From the listing below, copy only the lines running from the line that contains "buy online f53eb" to the line that contains "domande-colloquio-lavoro-header-foto-montagna", both included.
------ MATERIAL FOR THE TASK
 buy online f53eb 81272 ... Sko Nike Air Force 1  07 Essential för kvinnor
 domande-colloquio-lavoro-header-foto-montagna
------------
------ MATERIAL FOR THE TASK
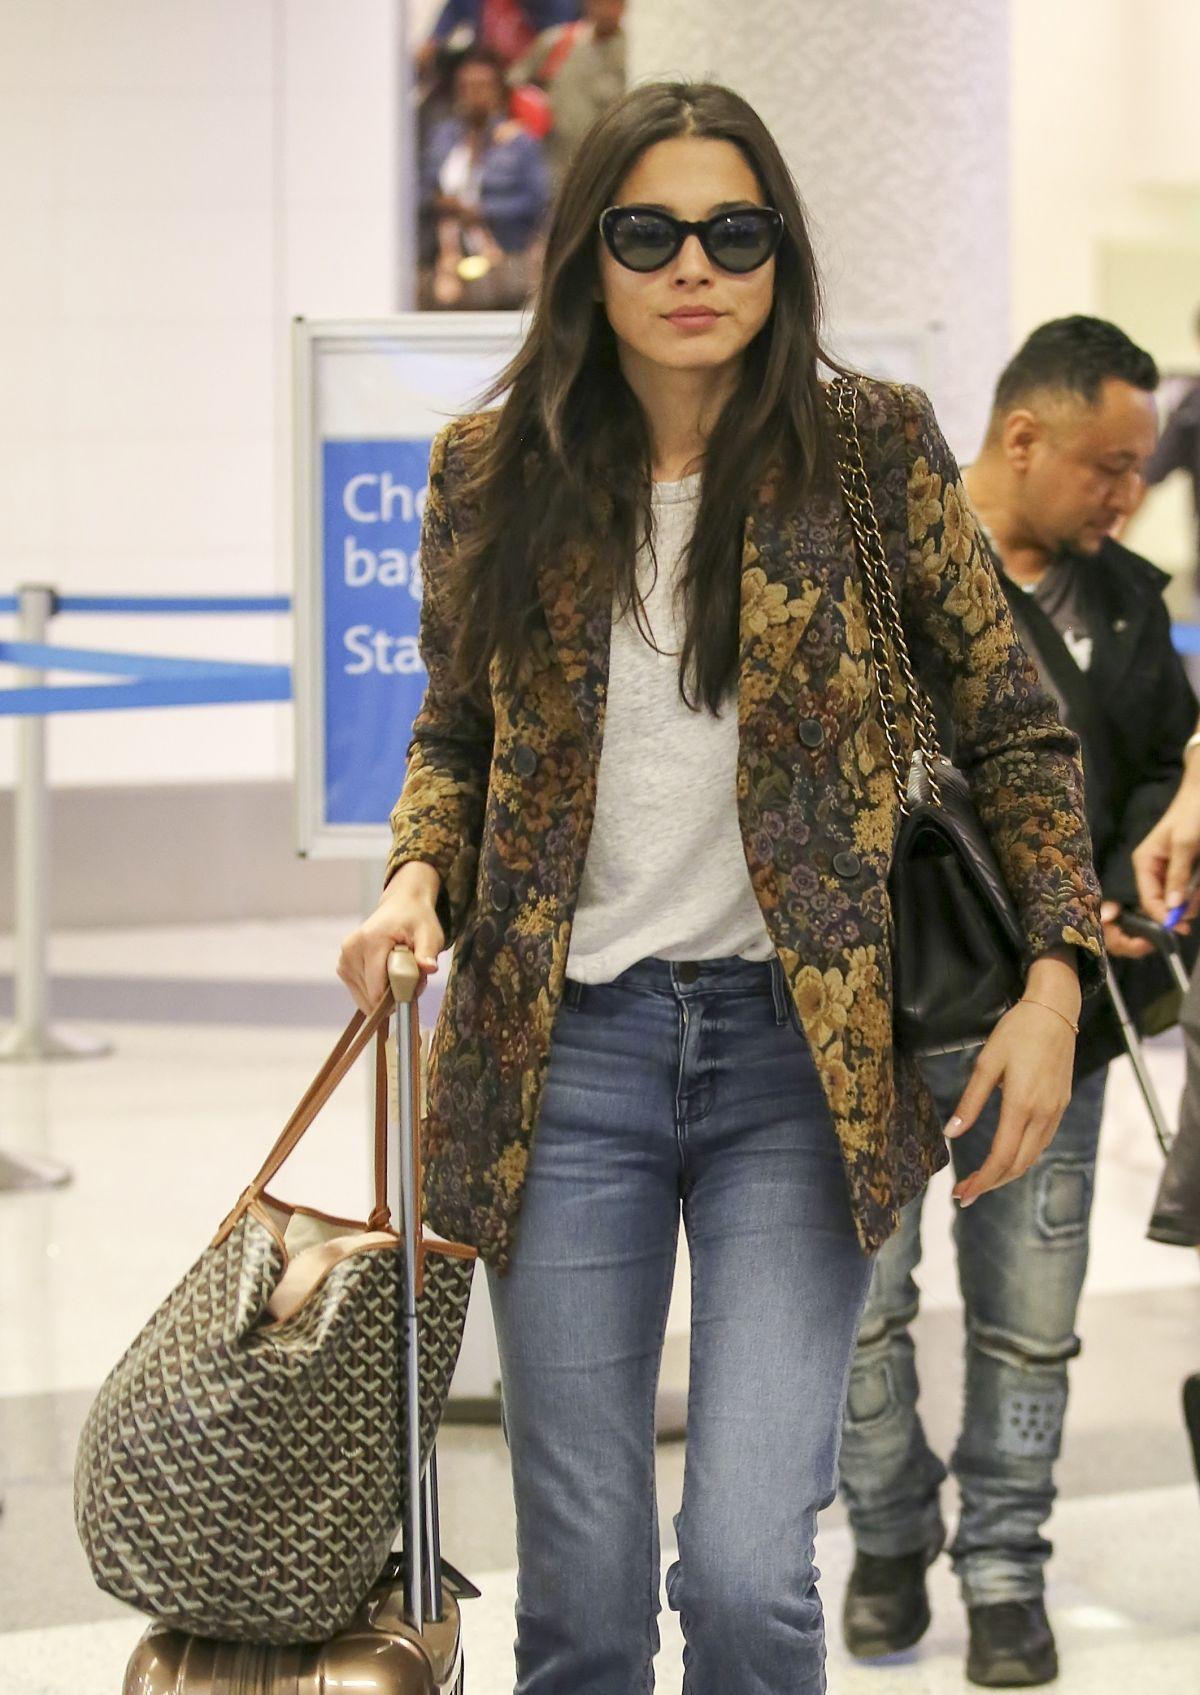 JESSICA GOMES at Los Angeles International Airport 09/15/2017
------------
§ RESPONSE AREA
 buy online f53eb 81272 ... Sko Nike Air Force 1  07 Essential för kvinnor
 domande-colloquio-lavoro-header-foto-montagna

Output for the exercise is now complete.